If you don't want to live within a mile of a pipeline, in a lot of Texas and Louisiana, you're going to be out of luck.

I wouldn't worry about land with pipelines... as long as the pipelines were where I wanted pastures.

I've got several, and in 50 years of operation, they've never exploded.

'course, I've never got a backhoe, trackhoe or dozer and tried to dig one up, either. I've got electric lines on my place, too.... I try and respect electricity, also. Just because the pipelines out of sight, doesn't mean you shouldn't respect it, too.

What's the going price for land in your part of Louisiana?


----------



## SteveD(TX) (May 14, 2002)

Depends. All pipelines and the accompanying easements are NOT created equal. Get a copy of the instrument (typically an easement) that conveyed the area to the company originally, plus any modifications that might have occurred since. Take them to a title co. attorney to get his opinion of your rights if they are not clear. Beware of "blanket easements" that essentially gives them the right to move the pipeline wherever they want on your land. Then make your decision.

Also, the impact of the pipeline on the value will depend on what is in the pipeline itself. I have an old low pressure crude oil pipeline running across my land. The placement of the pipeline and the fact that it'll never be moved (more than likely), and the fact that low pressure crude is typically very low impact and low risk, means that it really didn't impact the property value. But a natural gas line or volatile fuel line could have a major impact. Check everything out and talk to as many local experts as you can.


----------



## diane (May 4, 2002)

SteveD(TX) said:


> Depends. All pipelines and the accompanying easements are NOT created equal. Get a copy of the instrument (typically an easement) that conveyed the area to the company originally, plus any modifications that might have occurred since. Take them to a title co. attorney to get his opinion of your rights if they are not clear. Beware of "blanket easements" that essentially gives them the right to move the pipeline wherever they want on your land. Then make your decision.
> 
> Also, the impact of the pipeline on the value will depend on what is in the pipeline itself. I have an old low pressure crude oil pipeline running across my land. The placement of the pipeline and the fact that it'll never be moved (more than likely), and the fact that low pressure crude is typically very low impact and low risk, means that it really didn't impact the property value. But a natural gas line or volatile fuel line could have a major impact. Check everything out and talk to as many local experts as you can.

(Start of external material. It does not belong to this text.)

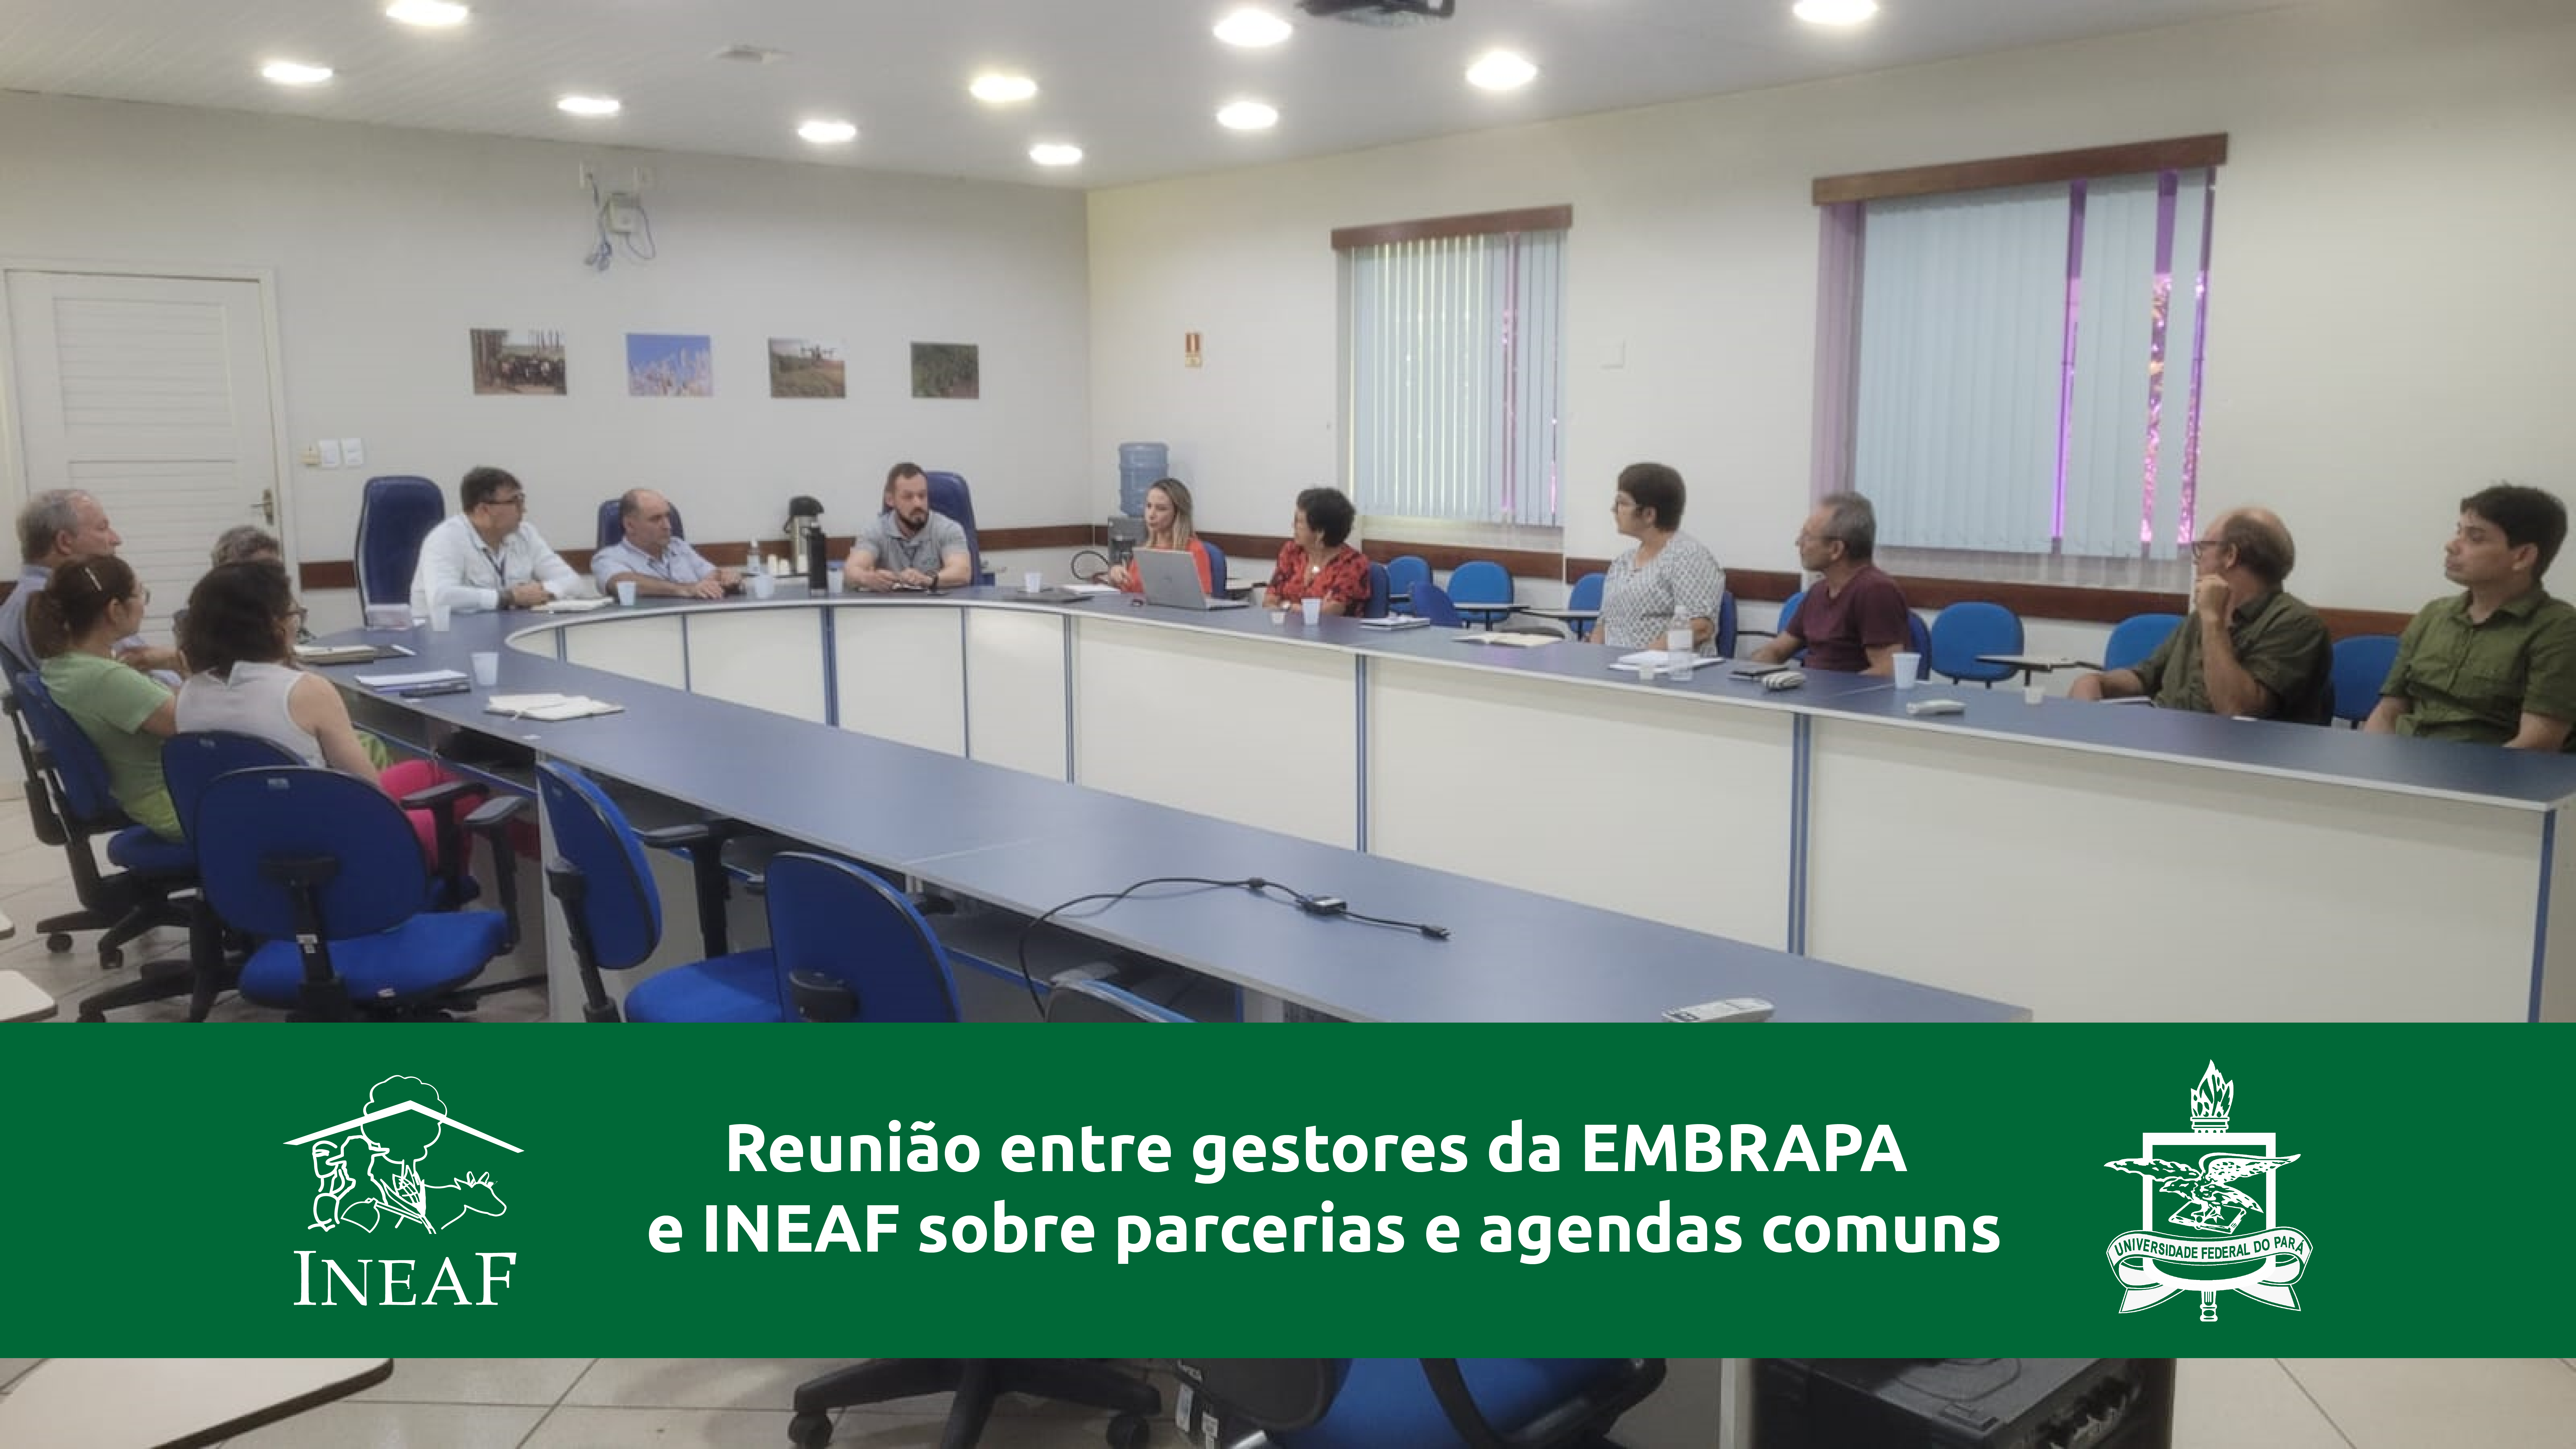 Reunião entre gestores da EMBRAPA e INEAF sobre parcerias e agendas comuns
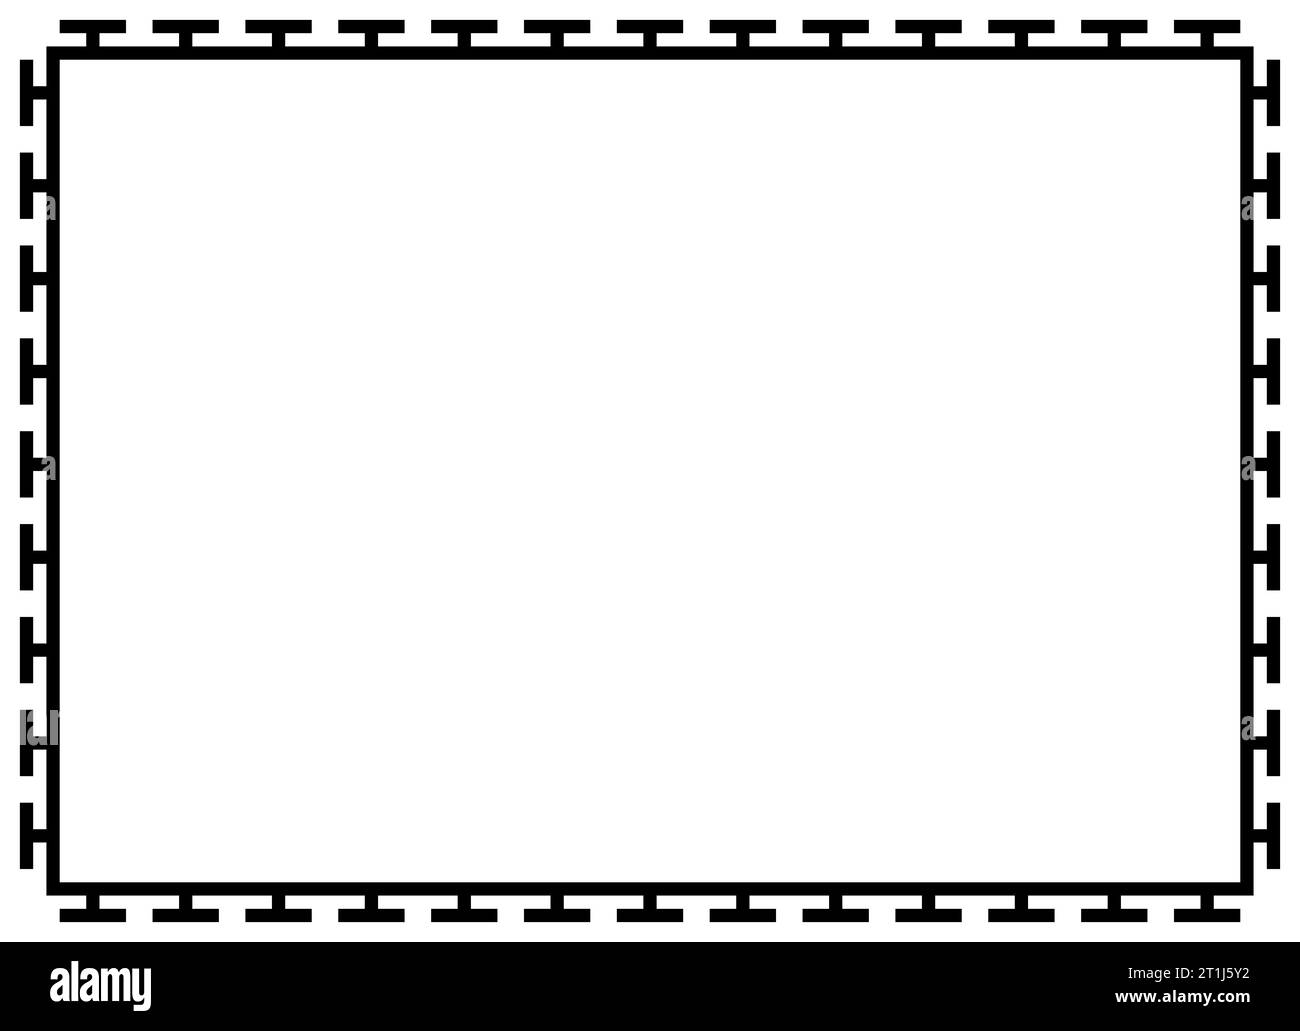 Griechische Rahmenornamente, Mäander. Quadratischer mäanderförmiger Rand aus einem wiederholten griechischen Motiv Vektor-Illustration auf weißem Hintergrund. Stockfoto

Great advice!! Research, research, RESEARCH, and do it locally. My pipeline agreement and joe blows in the next state over can be miles and miles apart.


----------



## Darren (May 10, 2002)

One issue not mentioned is that the owner of the right of way will either keep it clear or hire a third party to do it. I've had two dustups with folks over that. The last time I didn't know they sprayed pesticide until I spotted the tractor mounted spray rig on the other side of the creek. The right of way had already been sprayed.

We have three or four pipelines crossing the place. All with different owners.Check the original agreement to see where the access points are. At least one of the lines on our place has no legal access from other parts of our property. That means each time they need access to the line they have to come, hat in hand, and get our permission.


----------



## DixyDoodle (Nov 15, 2005)

We have a pipeline in our back field, maybe 250 yards from the house. The pipeline runs underneath the cleared field we cut for hay. I would check with the company for guidelines. 

Just because there is a line there, doesn't mean you can't use the property for something. Most people in my area just use it for hay or corn---which is allowed as the pipe is buried well below plowing depth---because sometimes the company will send someone out to check the line and this means it must be accessible to them. Obviously this means no big trees growing there, generally speaking.....ALTHOUGH parts of our line does have small trees on it. I believe they do clearcut occasionally along its path in those bushy areas. Haven't seen it done here in 3 years though---who knows how many years before that it was done.


----------



## Toads tool (Jun 7, 2007)

Something that hasn't been mentioned is the aerial reconnaissance, or rather the monthly fly-over to see if it's leaking.
An oil pipeline runs right next to where I work. We get low fly-overs at least monthly if not more often. 
Usually low enough to be a nuisance and disturbance.


----------



## Tracy Rimmer (May 9, 2002)

I live on the pipeline which goes from Hardisty, Alberta down into the States. It only touches the corner of our property, and isn't a big deal. Our neighbors have it running through their 40 acre field.

The pipe is 2 meters down. There are regulations on this. One would have to be a complete moron with the intention of hitting it to hit it with regular equipment. 2 meters is a long way down when you're talking about tilling a field or planting a garden.

The neighbors plant as normal, run huge equipment in their fields over said pipeline, no problem. It's like it's not even there until they have to come through and dig it up for some reason -- like they're doing this year. The are placing another pipeline alongside the first. My neighbors are being compensated for the inconvenience and loss to their crop. 

I agree that you need to see the paperwork before buying, and make an educated decision based on what you find out, rather than speculation; however, be aware that living on a pipeline isn't necessarily a bad thing.


----------



## Reauxman (Sep 14, 2002)

Finally got hold of the guy in charge of the right of ways. 30 on one line and 50 on the other. Not bad. I only loose about 120', which would be pasture anyhow.


----------